Det Con Robinson said: “How, in what way do they know?”

The woman said police officers always “found them with us” and refers a time when she was 14 and police found her in a house having sex with Ash, but claims she was arrested and not Ash.

Det Con Robinson answers: “If they can say: 'I went to his house and found her and him together', it corroborates the fact that you are saying you were with him.”

The woman said: “Well they used to ring him and tell him that police were looking for me and stuff."

Det Con Robinson said: “Whether that assists in proving that you were having sexual relations with him, at that point, and him sexually abusing you at that point...depends what they can say and what they will say in a statement.

“I can't guarantee much as you'd like, if they walked in there and they saw you were having sex on the floor and they know that you're only 14 and they've seen this Asian male having sex with you, if they put that in a statement, they know full well they are going to get in the sh** because why didn't they do something about that?”

The woman answered: “That’s why I think some of them that I could give names won't, because they know I know stuff about them what they could get sacked for.”

Det Con Robinson replied: “So it may be that if we went to speak to that person, they might turn around and say: ‘I didn't see anything like that because (inaudible)’.

“You do have to bear in mind, although you think a professional is seeing something it doesn't mean they're necessarily going to do anything, and I can't force them to write something if they say I never saw it. I can't force them to write it down.”

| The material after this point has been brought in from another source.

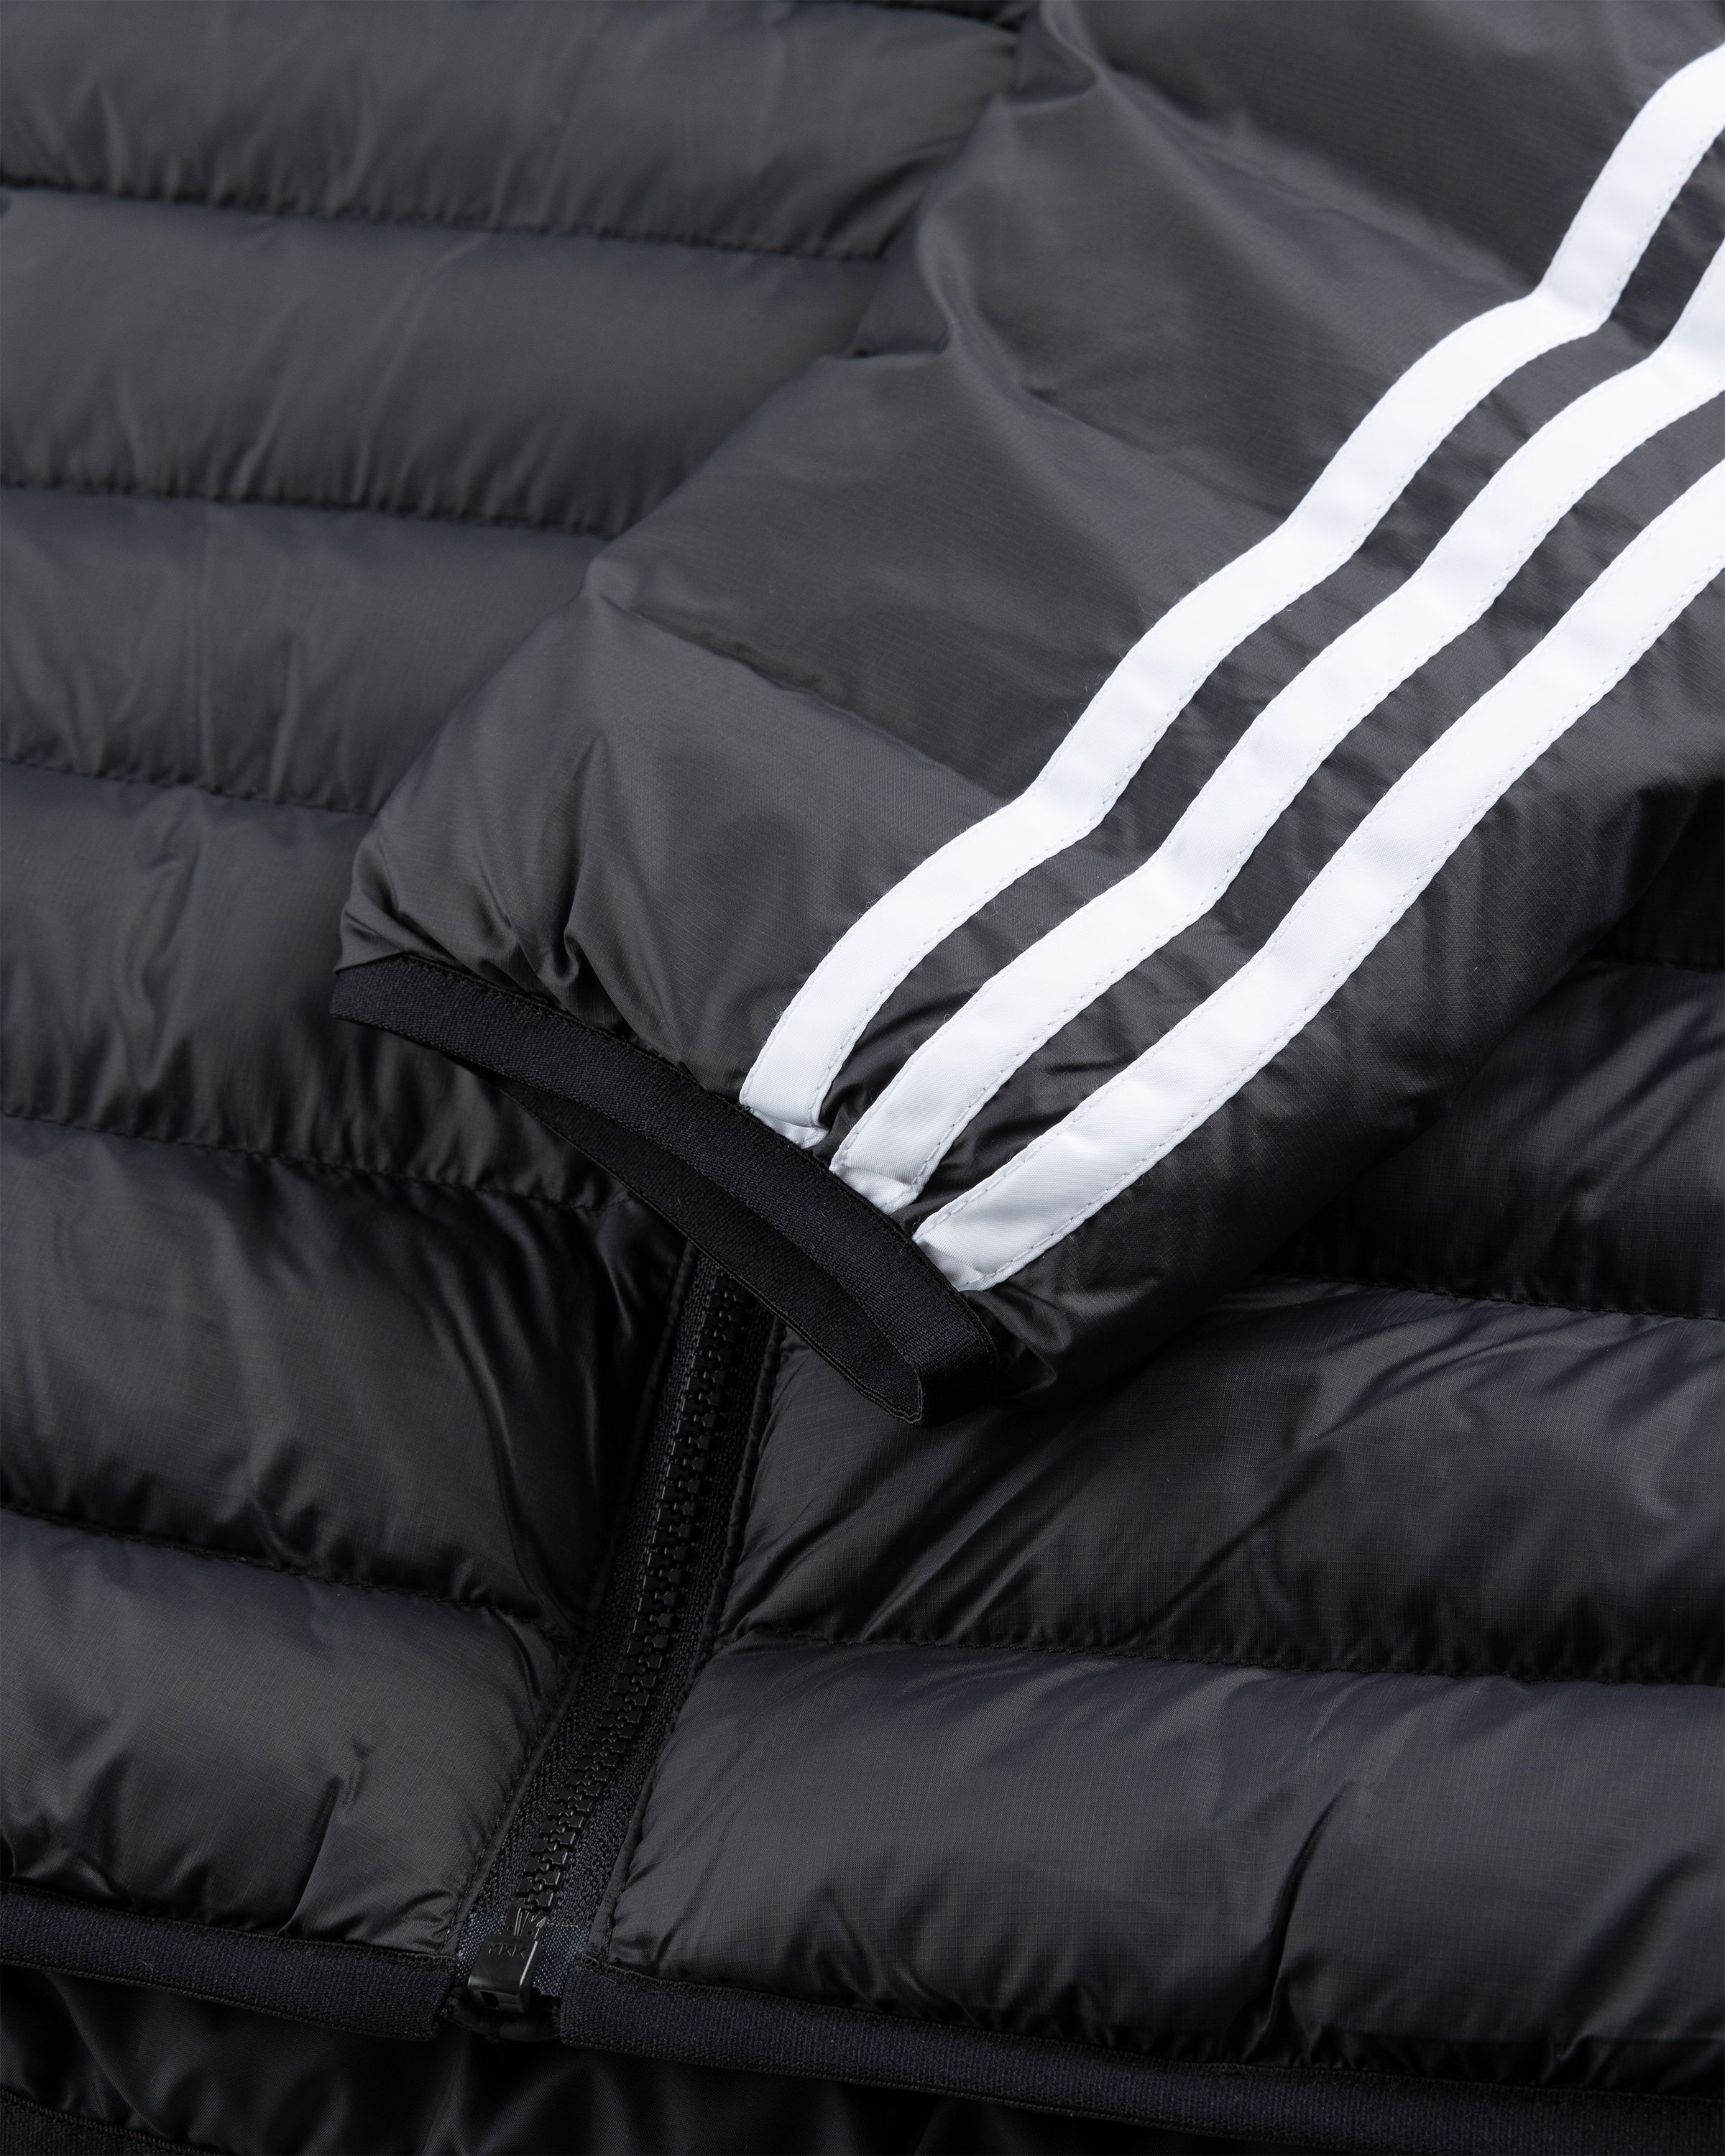 Adidas - Padded Jacket Black - Clothing - Black - Image 6

Det Con Robinson added: “They may say: ‘I walked in there and yeah they were laying on the floor under the duvet and I thought it's not really right, she's too young but that's all I saw and she was happy with it, and then we took her out there, and the next day she's back there.’

“Opinions have changed now. Now we identify that as child abuse. Before they'd see it as sort of a ‘lovesick teenager that keeps going back to this fella and it’s so inappropriate, shouldn’t be going back, what can we do about it, drag her out, next night she's back there’.

“We now identify that as grooming process that has gone off and that's why you’re back there, but 10, 20 years ago it wasn’t identified.”

PC Garner then explained that today they would serve an abduction notice on the adult even if the child did not make a complaint, to which the woman said that “a lot had changed” and the abduction notices were “good”.